Reasons for the Popularity of Online Loans
Consumer lending is a vital segment of the financial sector. Lenders have broadened their product base to attract new customers by adapting to new technology and development. For example, rather than offering only payday loans, lenders are now offering various instalment loans. The number of lenders is increasing in the financial market and hence, there is always a competition to offer a competitive interest rate to the consumer. Listed below are some substantial changes carried out by the lenders to provide a fair and responsible borrowing platform to the consumers:
- Meeting Consumer Demands
Lenders have adopted transparency of a higher level to gain the trust and loyalty of their customers. Data assessment have led the lenders to develop products that meet consumer demands. They offer flexible loans that allow the consumer to break the repayments over a considerable period of time. Most of the lenders have categorised their products into short-term, medium-term and long-term loans as this will help the borrowers to choose their financial product carefully.
- Rapid Decision-making Tools
Lending firms have developed advanced decision-making tools that don’t make the customers wait for days to get an answer from the lenders. They respect their time and the time of their customers by providing an almost-instant result when borrowers apply for a personal loan on their website. The tools also help the lenders to conduct necessary checks to maintain the standard of a highly regulated lending marketplace.
- Easy to Access
With everything available online, loans are also available online. Secured or unsecured, the need to visit the office of the lender has been completely eliminated from the process saving time and efforts. Some of the lenders have dedicated mobile applications using which customers can easily apply for a loan and get to know their eligibility. The total time taken for the completion of the lending-borrowing process has been significantly reduced due to these innovations.
When Should you Take Out a Personal Loan?
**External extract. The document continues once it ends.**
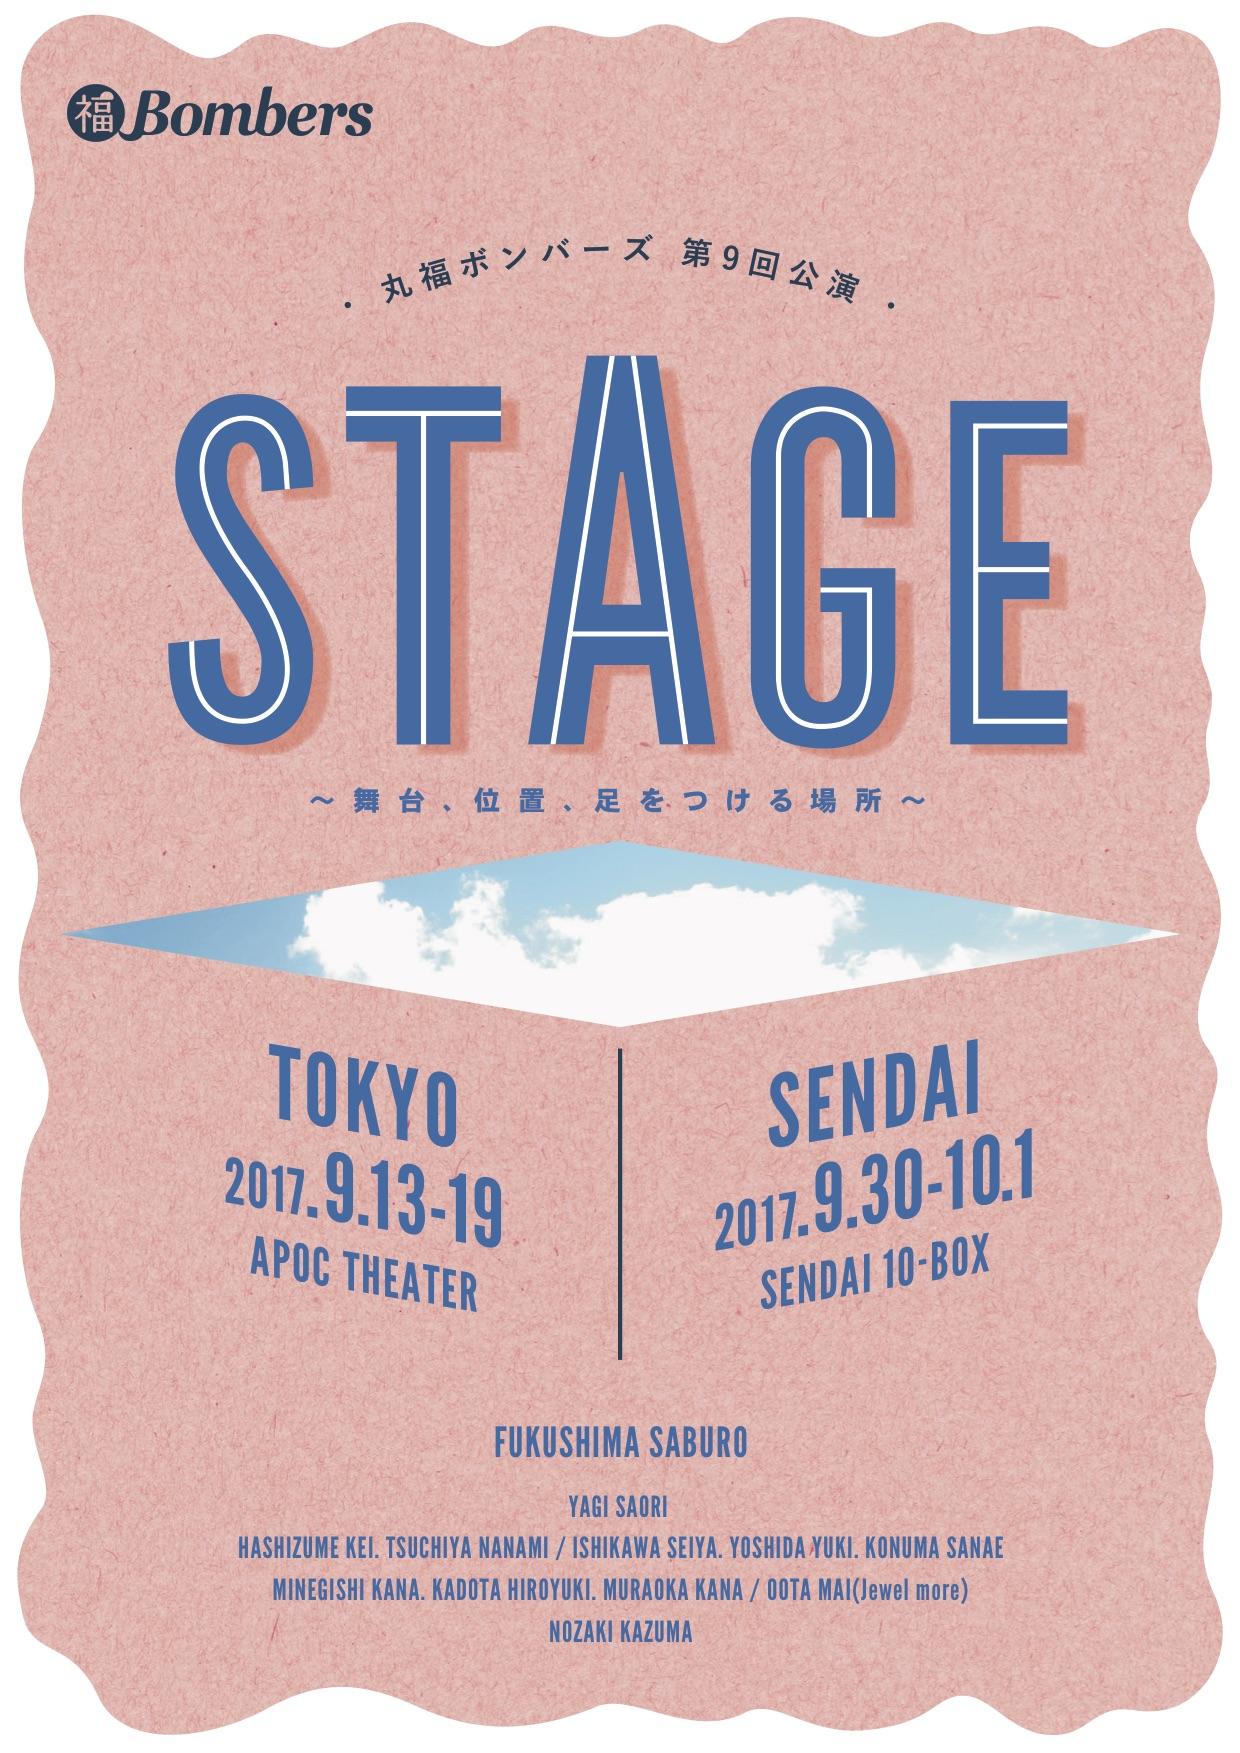 9/30(土) 14時の回|丸福ボンバーズ第9回公演 「STAGE ~舞台、位置、足をつける場所~」

Taking out a personal loan is a big financial decision. If you have a permanent and stable source of income, and you think you can easily afford the repayments without any fail – then you may consider taking out a loan. Because if you fail to repay the loan on time and in full, your credit rating will have a dent that is not looked at in a good way by the lenders or any other financial institutions.
Look for lenders or credit brokers who are registered by the Financial Conduct Authority and check their details on the Financial Services Register. Do not ever deal with a firm that is not registered by the watchdog – it may be a fraud or scam.